In July, Valassis, a leading direct marketing services company, agreed to acquire ADVO, “the nation’s leading direct mail media company,” for $37 per share in cash. The numbers: a deal worth about $1.3 billion, combined 7,900 employees in nine countries; 94 of the top 100 advertisers in the US, and penetration of 90% of US homes.

Unfortunately, sometime between the signing of the pre-nups and the wedding ceremony, Valassis got cold feet. ADVO sued – to force the “marriage” and Valassis counter-sued. Here are some selected comments from the companies’ pre-trial briefs, available on their respective websites.

Valassis said:

- Valassis was defrauded in the purchase of ADVO.

- ADVO insisted that prosperity lay ahead.

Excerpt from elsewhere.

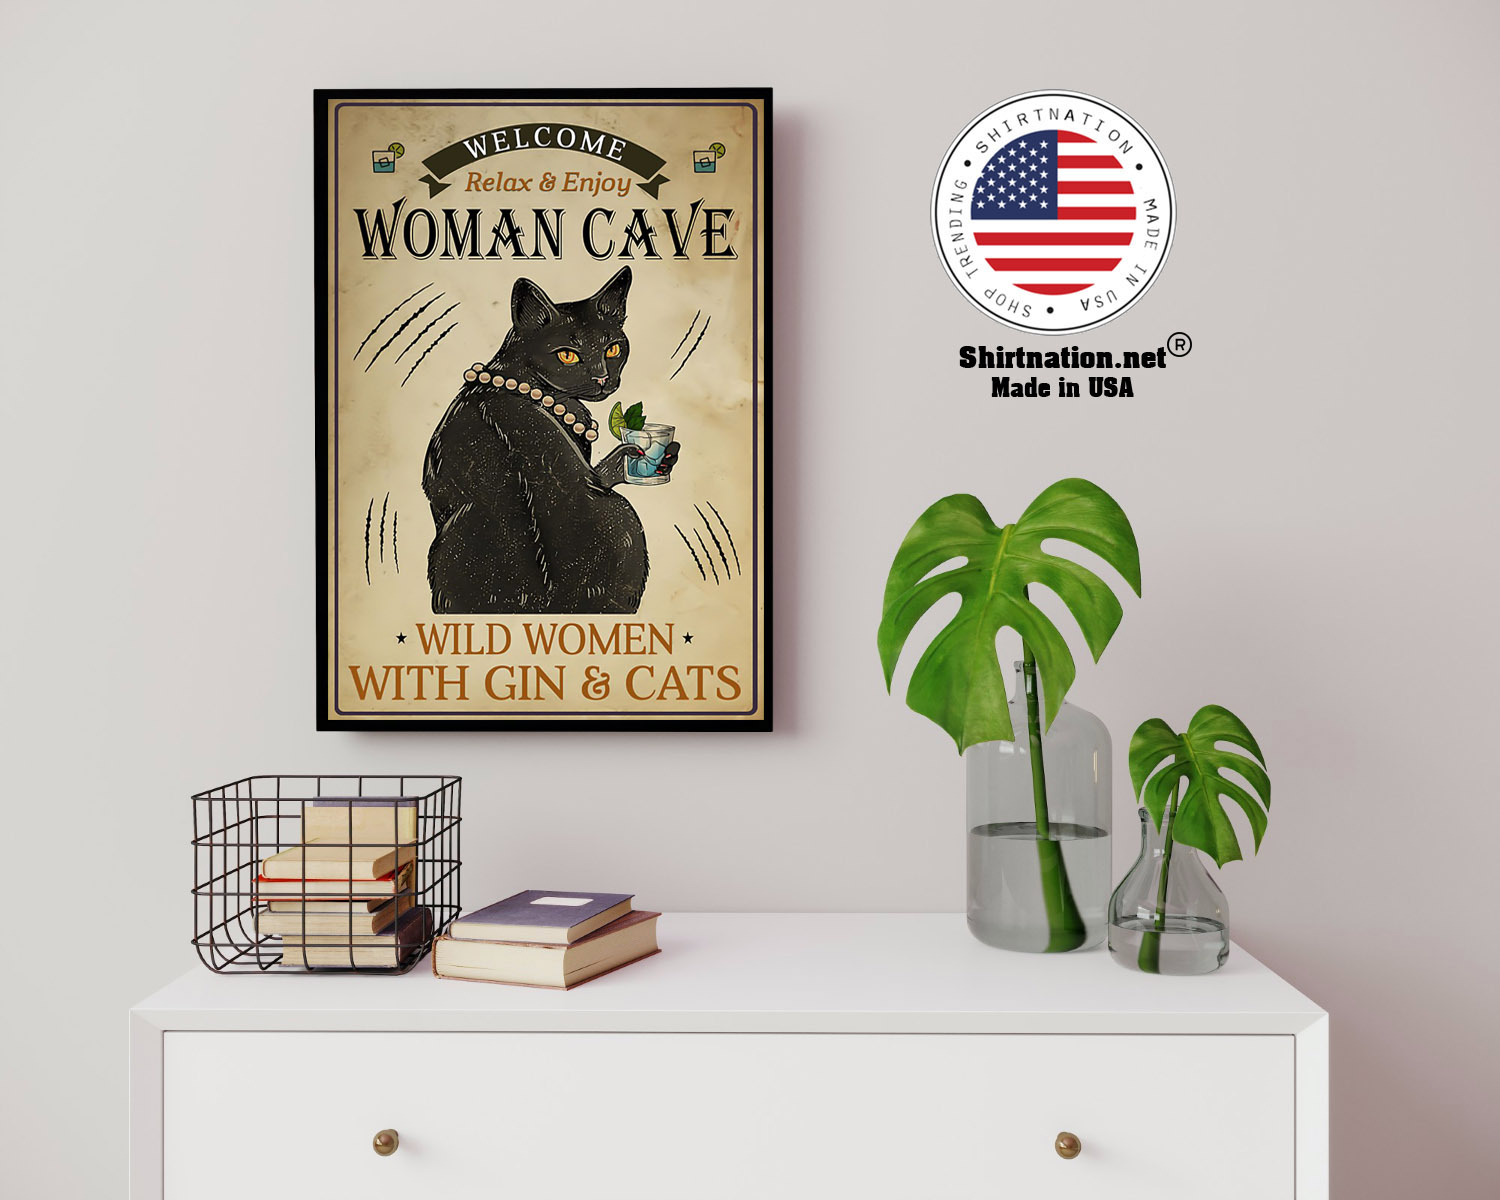 Welcome relax enjoy woman cave will women with gin and cats poster 14

- Valassis was shocked to learn in late July that the true “actual” third quarter results showed operating income of $12.7 million, $5.3 million (or 30%) below the “on target” forecast that Valassis had been given on the eve of signing.

- ADVO deliberately lied to Valassis to induce it to sign the Merger Agreement.

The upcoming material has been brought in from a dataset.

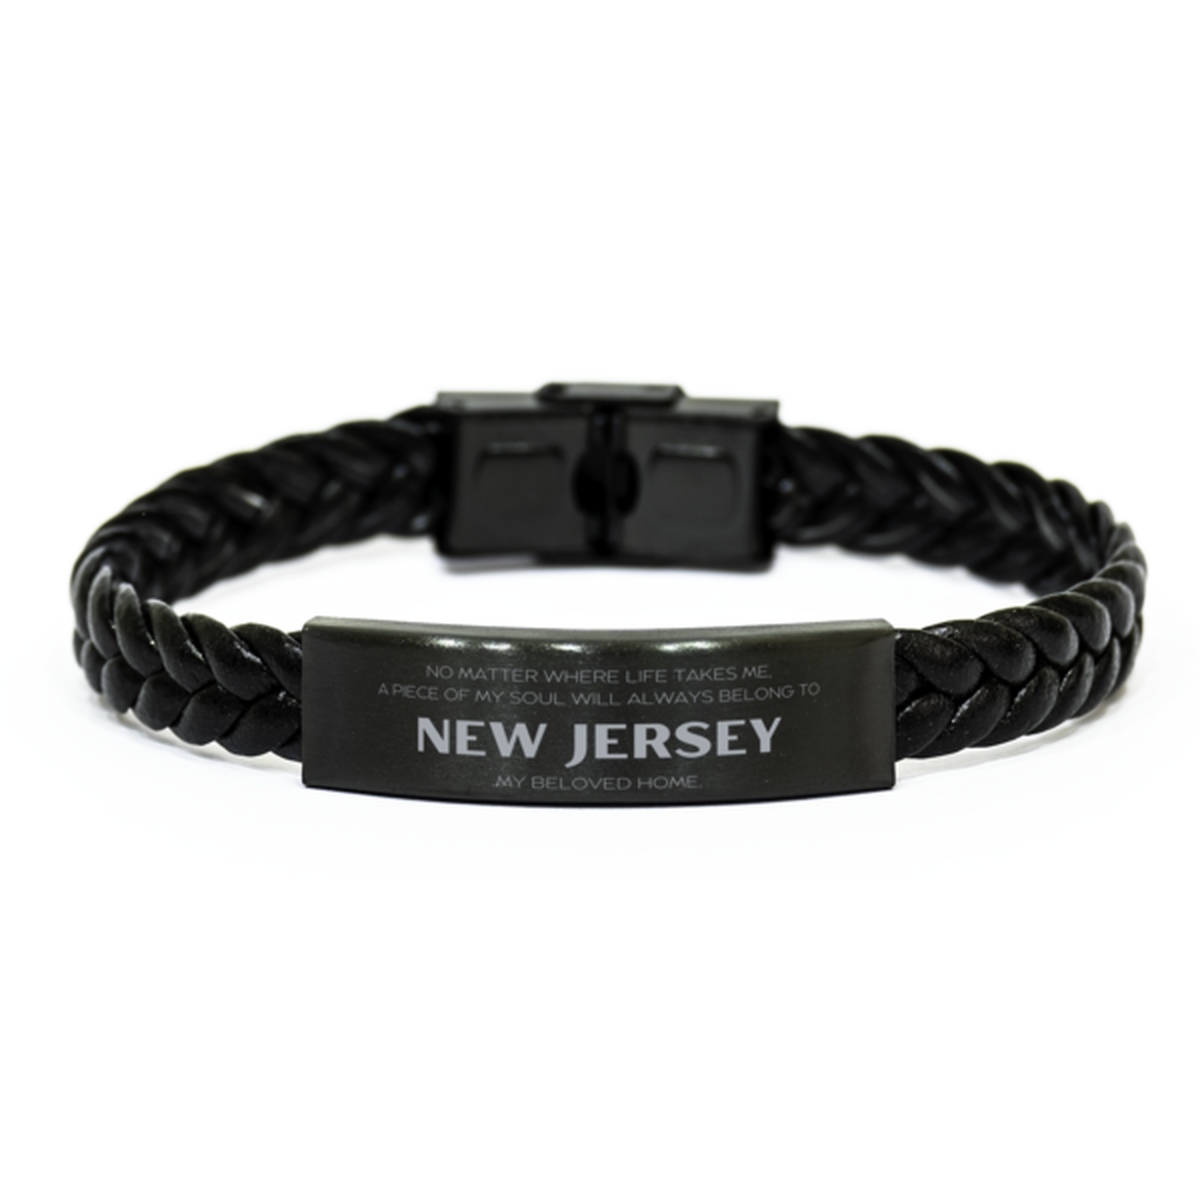 Love New Jersey State Gifts, My soul will always belong to New Jersey, Proud Braided Leather Bracelet, Birthday Unique Gifts For New Jersey Men, Women, Friends

- As a result of ADVO’s wrongful actions, Valassis is no longer obligated to purchase a company that is earning one-fifth the operating income represented to Valassis when it signed the Merger Agreement.

ADVO said:

- Everything we learned was positively rosy. That’s Valassis’s line today.

- It turned out that some actual results – well, not annual or quarterly results, but some internal, interim, monthly, yet to be vetted and audited results – were wrong. By a couple of million dollars. If we had known that, Valassis claims, we would never have done this $1.3 billion deal.

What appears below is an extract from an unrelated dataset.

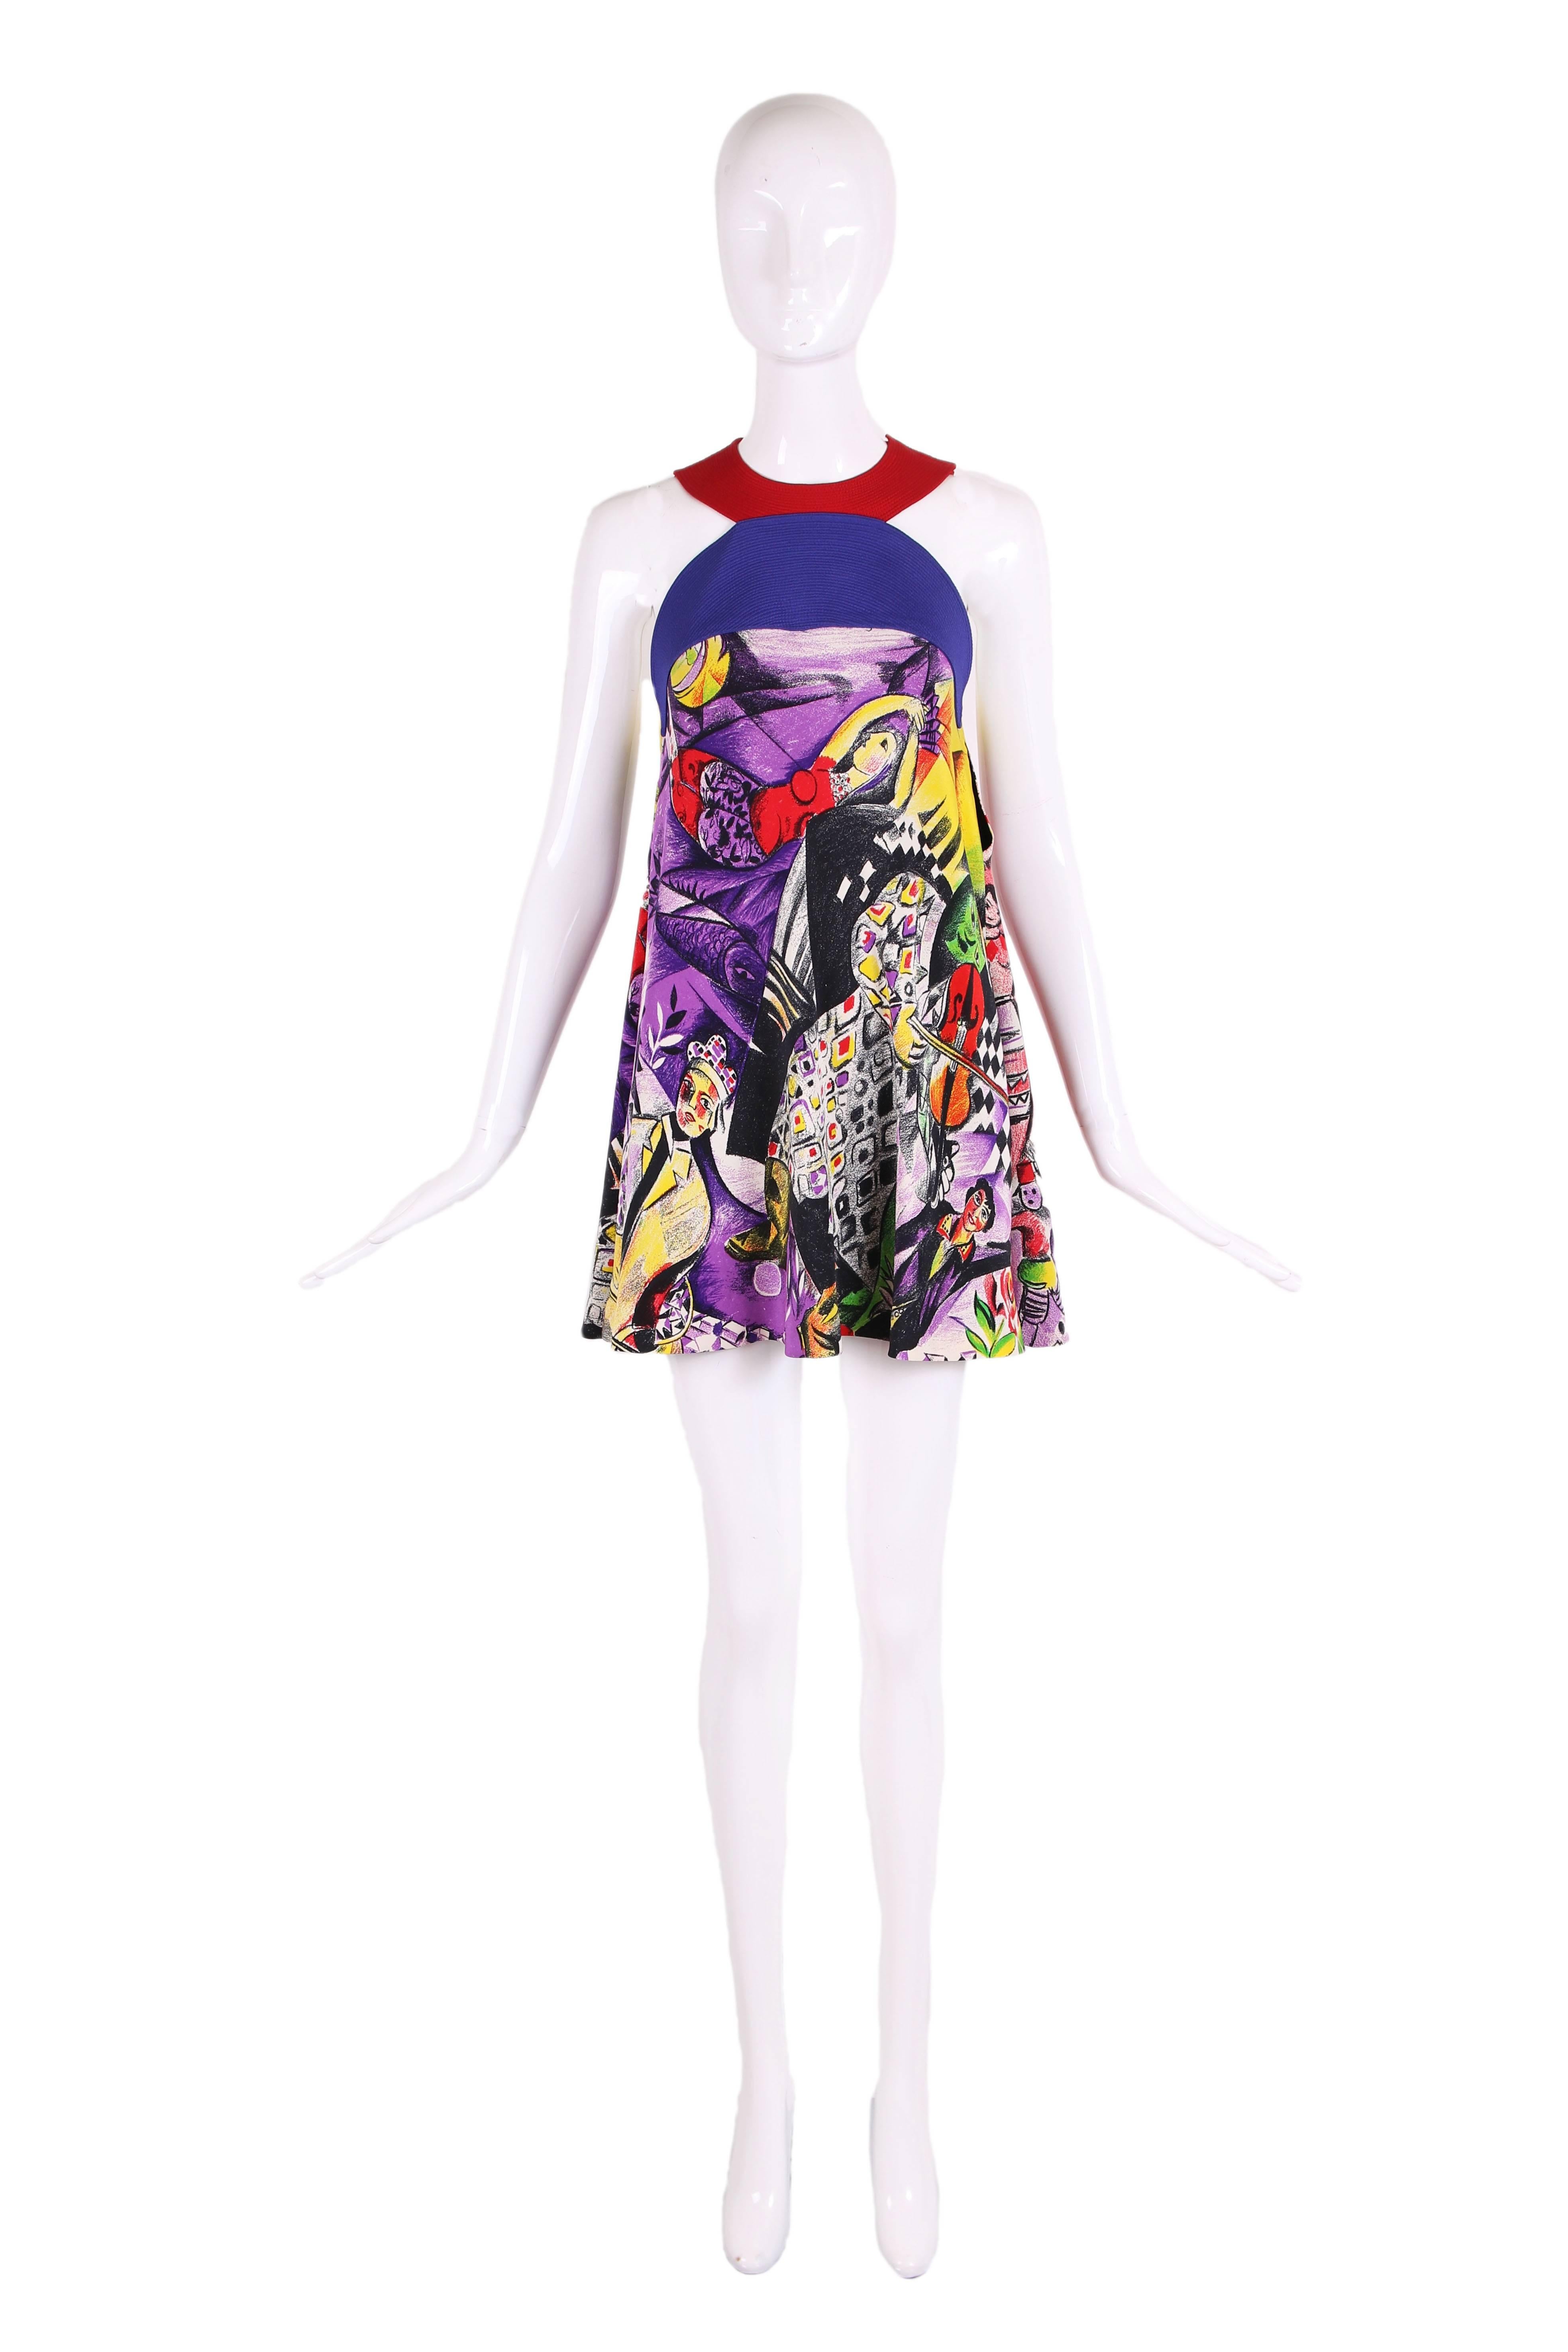 1992 Versace couture multi-colored silk mini dress featuring a print based on the works of Marc Chagall. Hidden snap closures at neck yoke and one hook and eye at the left side seam. In excellent condition.
MEASUREMENTS:
Bust - 34"
Length -

- They didn’t know? If they didn’t know, they must not have been listening when ADVO told them, as their employee’s own contemporaneous notes reflect, that SDR was a billing “nightmare.” (SDR was a new Oracle-based enterprise-wide order entry and tracking system.)

- Certainly they couldn’t have been paying attention when they read ADVO’s May 2006 10-Q, the one that talked about how “disruption” from “unforeseen difficulties with the transition [to SDR] could adversely affect “results, and could negatively impact” “the Company’s ability to maintain internal controls.”

- The evidence will show that Valassis – and particularly its CEO, Alan Schultz – wanted ADVO, and wanted it very badly.

- Valassis’s shareholders, the undisputed evidence will show, were outraged.

- Valassis now realized it had to find a way out. Which is why we are here today.

- Valassis made a contract, and it is bound to it under Delaware law.